Who was the arbitrator?
"defense counsel is outraged by the result and that Butler Snow has canceled all future mediations with the arbitrator"
My god, is there any law firm in this state that makes ya wanna puke like BS does?
A case like that, with your own expert flipping on you, $2.35M is pretty damn good. Good thing they didn't go to a jury.
The problem with these types of cases is that "cancelling all future mediations" does nothing to aid the mediation/arbitration process. Big defendants and firms like Butler Snow need to wake up and realize that what happened with the NAF is just the beginning. Defendants (and defense lawyers) have become so accustomed to abnormally low arbitration awards (from AAA and NAF)that when they actually get an award that seems fair (like this one) they are "outraged" - give me a break!
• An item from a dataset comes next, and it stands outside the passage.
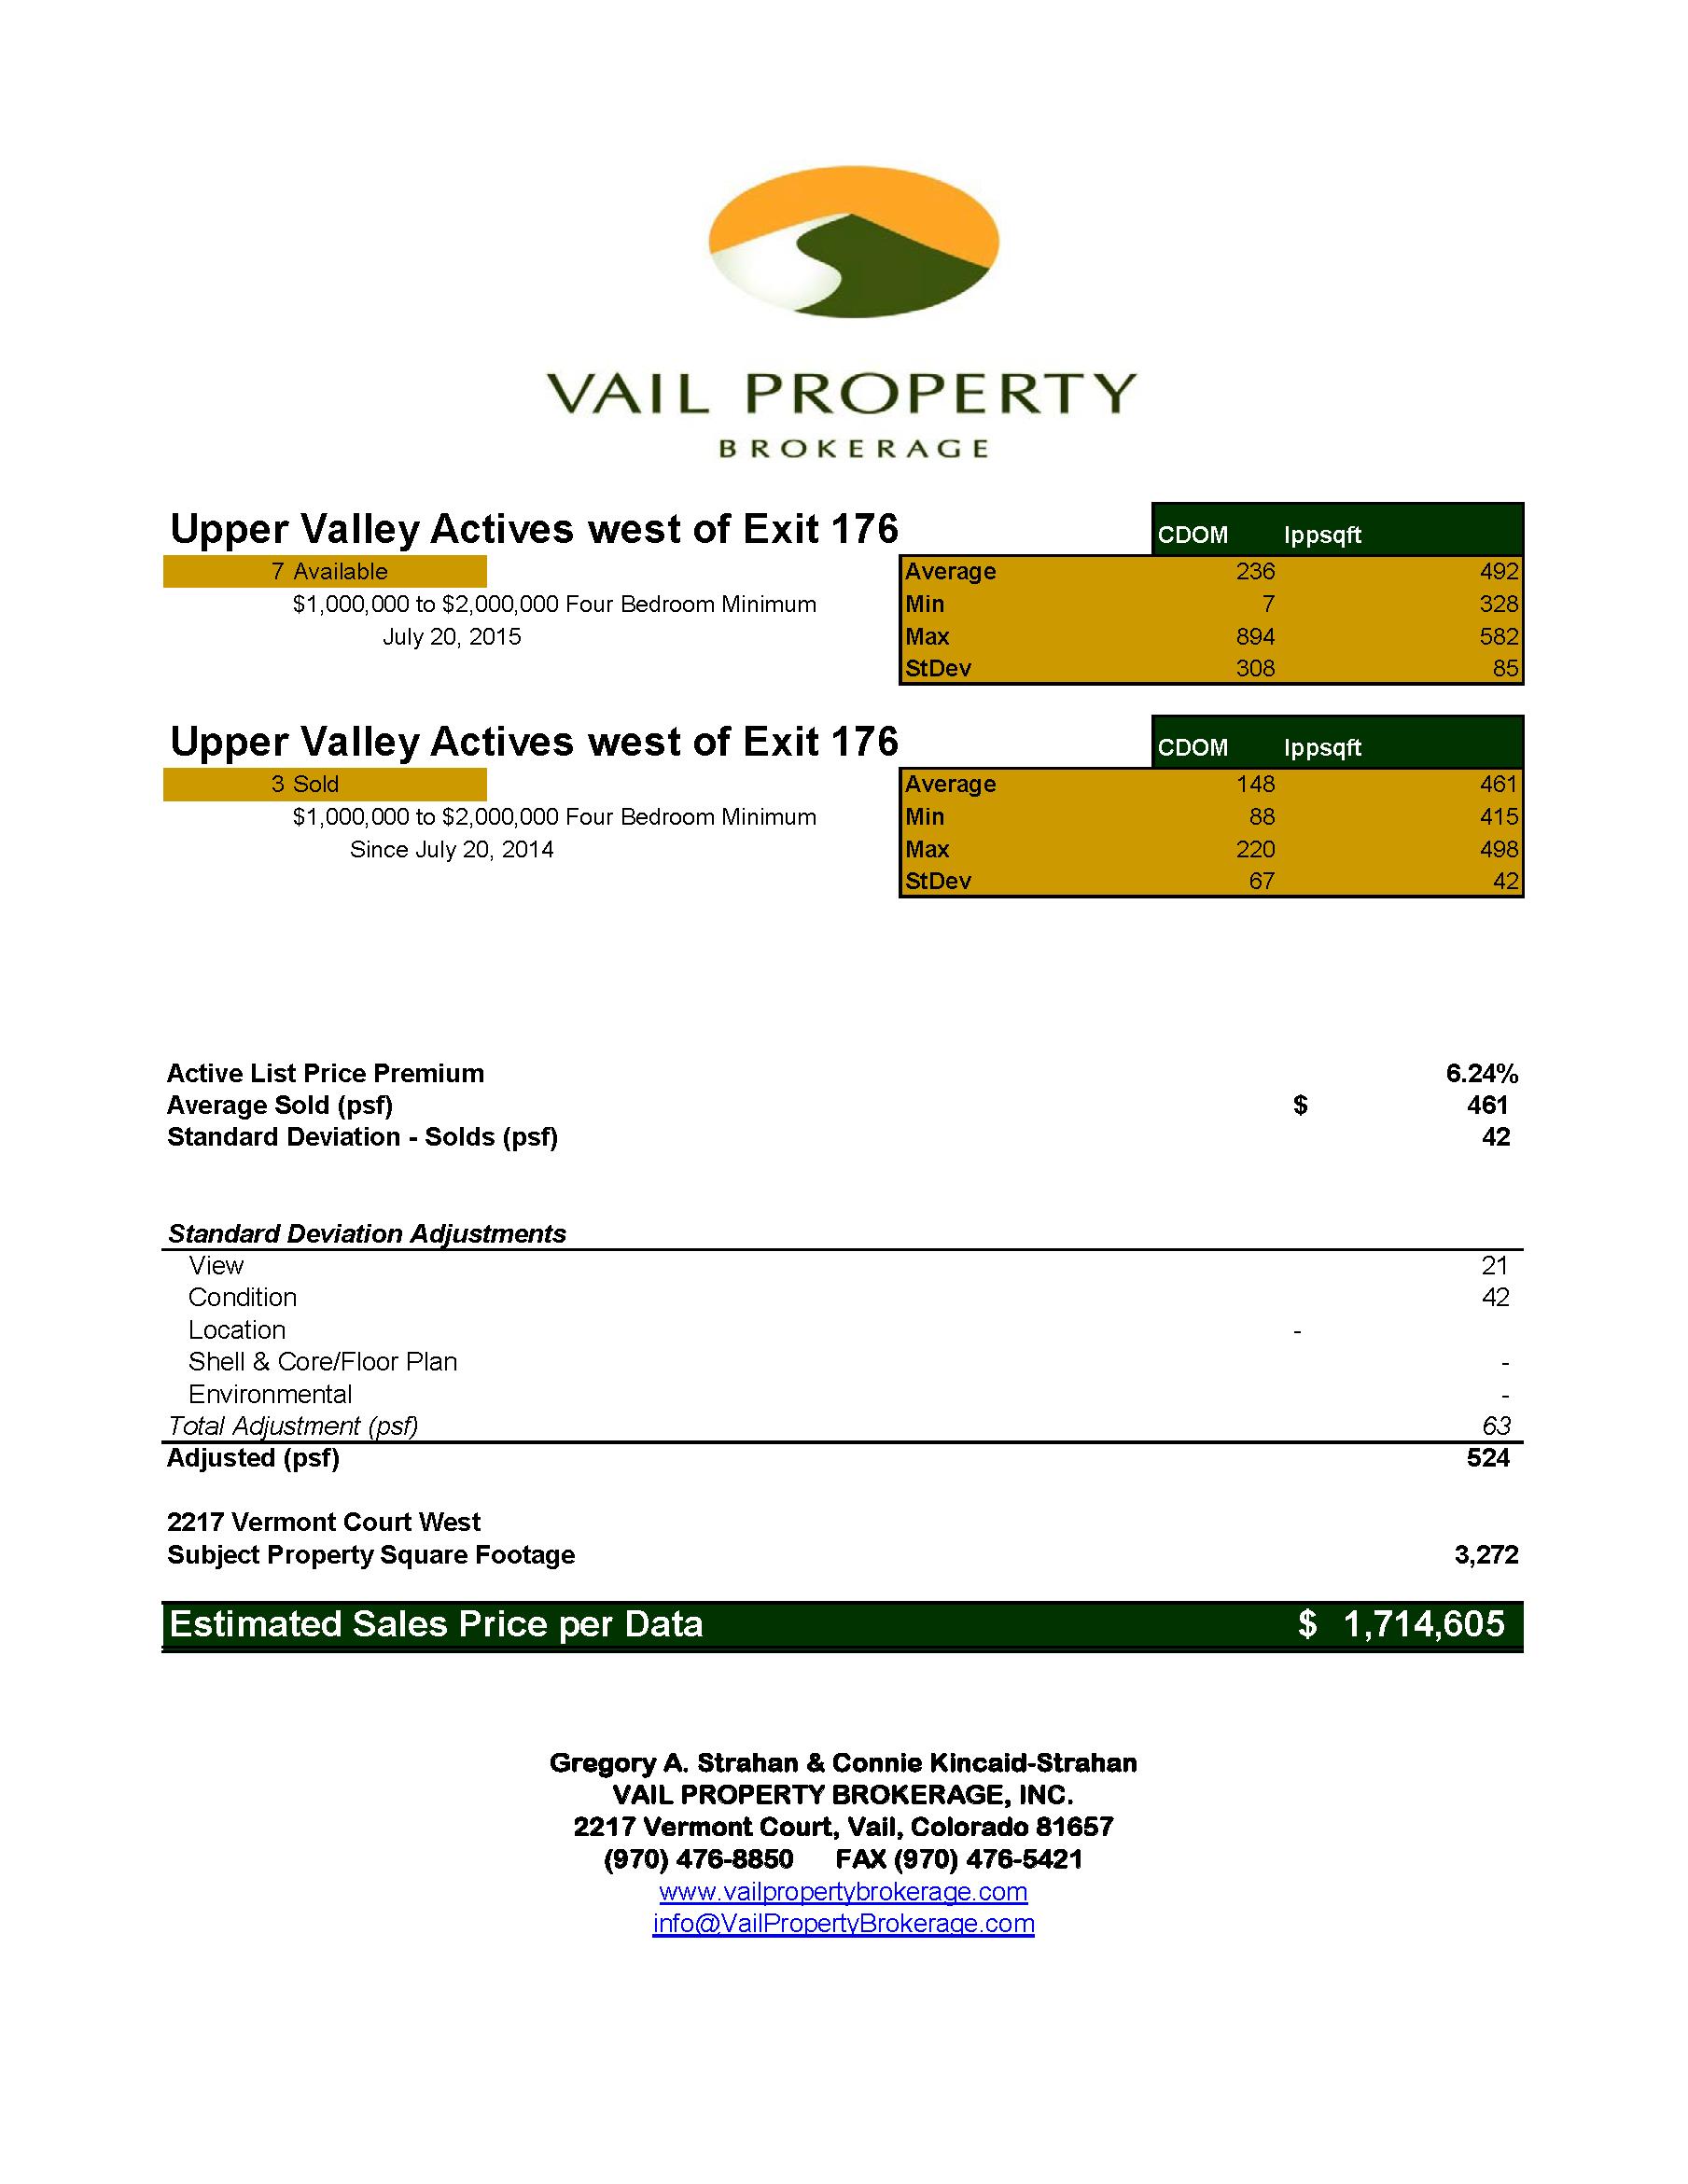 vailpropertybrokerage.com VermontCt_OpValue

If the facts reported above are correct, a jury would have likely hung them out to dry. Instead of complaining about the arbiter, they should be thankful that he provided a FAIR AWARD and they did not get stuck with a jury verdict which would have been much higher.
Idiots......
I wasn't authorized to release the name of the arbitrator.
Suggestion: tag posts by the law firms involved, so that one could search "Butler Snow" for instance.
Just a thought, and thanks for the blog!
Raymond Hunter was the arbitrator.
I know this arbitrator and he is well respected by the plaintiff and defense bar. I am deeply troubled by the cancelled future arbitrations and mediations, as it appears to threaten the process. I tend to doubt that the BS offer was as low as reported. That would be low even if liability was questionable.
The lesson here may be to use a panel of arbitrators in larger cases, which would shield arbitrators from this kind of retribution to an extent.